# 2012 April fishing comp: WINNERS ANNOUNCED!



## Squidder (Sep 2, 2005)

Welcome everyone to the fourth of this year's monthly online fishing competitions. Please post all entries in this thread.

The April comp will run from *THIS FRIDAY April 6th until Sunday April 15th*.

That's right, the comp period has been extended to include good Friday, the day on which it is traditional to eat fish (and also secure your entry for the April fishing comp), so do your duty folks 8)

Prizes will be awarded to the top three at year's end. Additionally, one random prize (supplied by AKFF) will be drawn from all entrants each month.
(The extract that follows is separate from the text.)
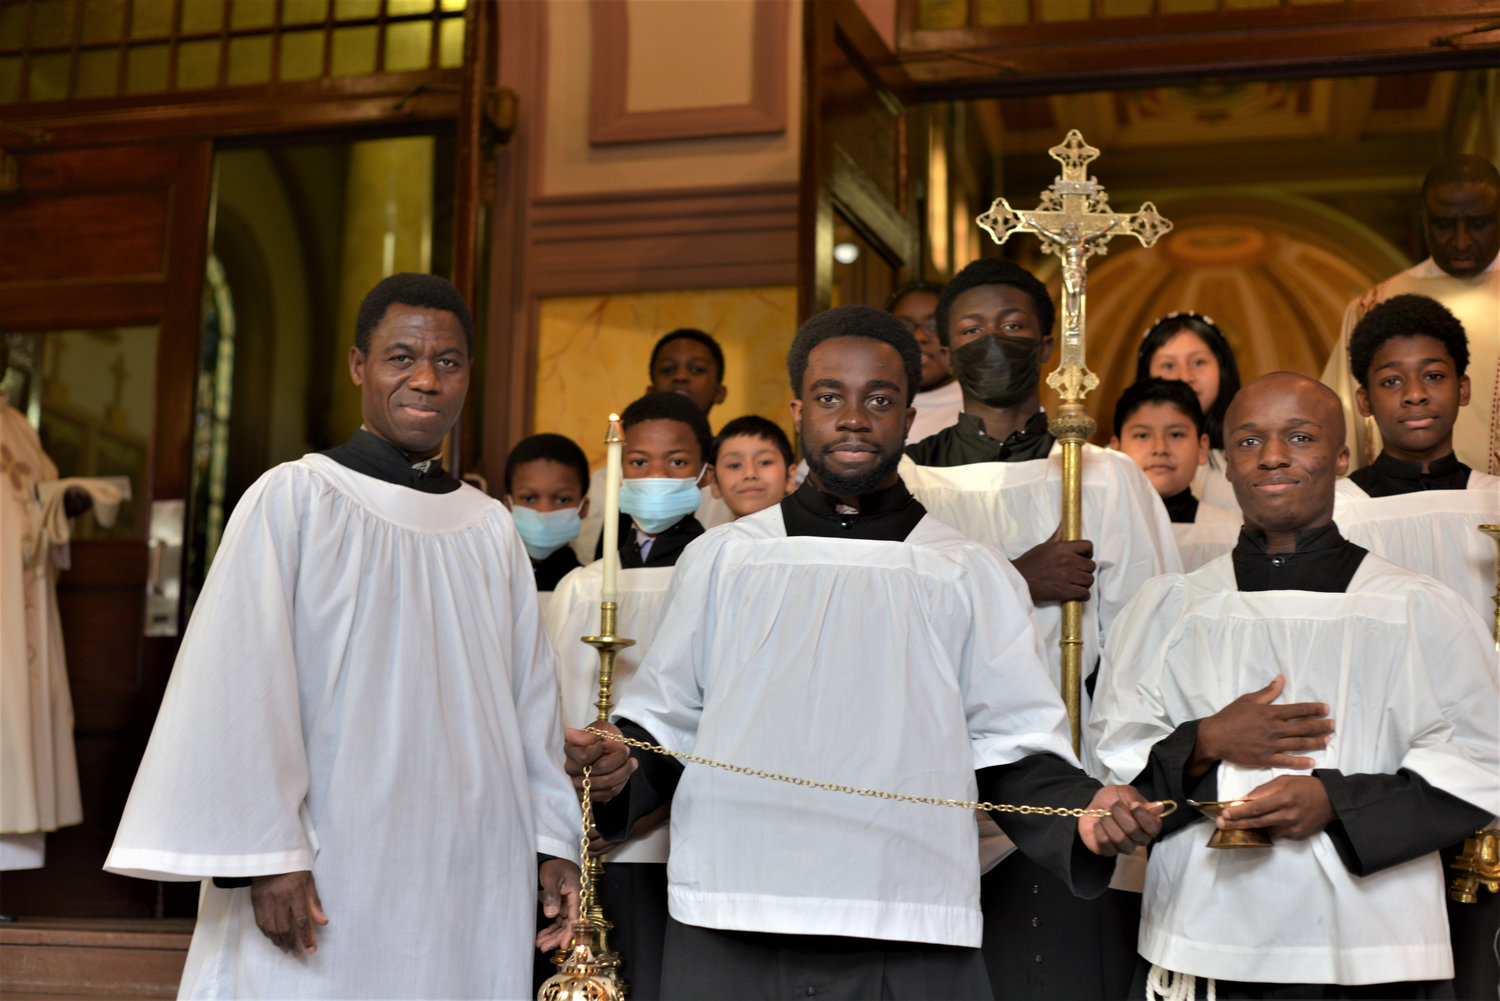 A group photo features a number of altar servers.

Full entry details and competition rules for this year can be found here:
viewtopic.php?f=24&t=44985&p=461329#p461329

Please include the following details when entering:

Name of Angler:
Date Caught:
State and Location Fish Caught In:
Type and Size/Weight of Fish:
Tackle/Line/Lure Used:
Conditions (optional):
Other Comments (optional):

Please include a photo of your catch against a ruler, brag mat, or similar. I can't score your fish without an accurate length measurement

Any questions, please contact Squidder via PM.

Good luck all


----------



## Junglefisher (Jun 2, 2008)

Squidder said:


> The April comp will run from *THIS FRIDAY April 6th until Sunday April 15th*.


Why does this always happen to me?????????????????????????
viewtopic.php?f=17&t=54131


----------



## Squidder (Sep 2, 2005)

Junglefisher said:


> Squidder said:
> 
> 
> > The April comp will run from *THIS FRIDAY April 6th until Sunday April 15th*.
> ...


 :lol: :lol: :lol: Commiserations Craig, but what a fish mate!


----------



## actionsurf (Jul 8, 2010)

Name of Angler: Actionsurf
Date Caught:8/4/2012
State and Location Fish Caught In: QLD. Scarborough
Type and Size/Weight of Fish: Bream / 34cm
Tackle/Line/Lure Used: 6lb braid/8lb fluro trace
Conditions (optional): 5 knots, before daybreak
Other Comments (optional): No one else has entered, so I thought I would


----------



## grinner (May 15, 2008)

monday 9th april

snapper 41 or 42.
stradic c14
raider
on a strip of unweighted bonito .

comments , incredibly busy. cars and trailers banked up for 100 metres , wheel fell off boat railer on ramp, towtruck trying to manoveure thru the mess. glad to have a kayak.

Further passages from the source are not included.